# THE RECORDS
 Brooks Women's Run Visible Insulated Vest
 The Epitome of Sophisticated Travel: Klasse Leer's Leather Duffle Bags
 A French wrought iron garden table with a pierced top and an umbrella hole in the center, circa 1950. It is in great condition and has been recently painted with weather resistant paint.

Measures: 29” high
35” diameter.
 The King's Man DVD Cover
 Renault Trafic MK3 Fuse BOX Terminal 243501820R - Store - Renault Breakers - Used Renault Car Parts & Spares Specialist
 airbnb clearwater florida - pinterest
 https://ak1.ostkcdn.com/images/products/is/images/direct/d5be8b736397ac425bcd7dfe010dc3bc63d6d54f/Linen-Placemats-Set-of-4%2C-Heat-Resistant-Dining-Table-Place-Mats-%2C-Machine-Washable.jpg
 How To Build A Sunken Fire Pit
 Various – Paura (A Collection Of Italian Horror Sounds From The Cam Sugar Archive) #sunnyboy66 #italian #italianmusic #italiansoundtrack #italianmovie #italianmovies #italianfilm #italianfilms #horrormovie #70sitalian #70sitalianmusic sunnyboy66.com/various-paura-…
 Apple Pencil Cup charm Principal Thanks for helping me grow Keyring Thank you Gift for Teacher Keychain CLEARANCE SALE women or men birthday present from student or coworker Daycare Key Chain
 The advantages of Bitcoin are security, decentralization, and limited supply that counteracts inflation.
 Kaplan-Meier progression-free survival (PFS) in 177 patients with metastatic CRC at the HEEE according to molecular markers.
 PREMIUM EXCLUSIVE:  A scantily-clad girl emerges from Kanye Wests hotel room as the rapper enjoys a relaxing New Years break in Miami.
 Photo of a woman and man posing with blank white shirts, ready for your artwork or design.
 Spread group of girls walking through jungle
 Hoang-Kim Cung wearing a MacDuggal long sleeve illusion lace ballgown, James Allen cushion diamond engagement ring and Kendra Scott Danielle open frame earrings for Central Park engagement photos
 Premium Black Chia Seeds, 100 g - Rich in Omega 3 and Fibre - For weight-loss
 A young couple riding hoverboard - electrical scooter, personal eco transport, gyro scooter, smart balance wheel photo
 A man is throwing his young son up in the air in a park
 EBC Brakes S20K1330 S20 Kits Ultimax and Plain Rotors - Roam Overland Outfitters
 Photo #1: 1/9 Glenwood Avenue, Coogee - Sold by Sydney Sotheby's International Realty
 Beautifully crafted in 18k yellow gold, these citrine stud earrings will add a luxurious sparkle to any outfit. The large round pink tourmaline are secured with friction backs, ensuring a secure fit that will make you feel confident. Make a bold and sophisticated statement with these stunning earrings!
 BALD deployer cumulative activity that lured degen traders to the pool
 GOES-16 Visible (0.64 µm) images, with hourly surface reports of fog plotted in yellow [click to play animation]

# THE TASK
The lines from the one containing "Beautifully crafted in" through the final line of the entries above are to be printed exactly, with nothing added.

# ANSWER TO THIS EXERCISE
 Beautifully crafted in 18k yellow gold, these citrine stud earrings will add a luxurious sparkle to any outfit. The large round pink tourmaline are secured with friction backs, ensuring a secure fit that will make you feel confident. Make a bold and sophisticated statement with these stunning earrings!
 BALD deployer cumulative activity that lured degen traders to the pool
 GOES-16 Visible (0.64 µm) images, with hourly surface reports of fog plotted in yellow [click to play animation]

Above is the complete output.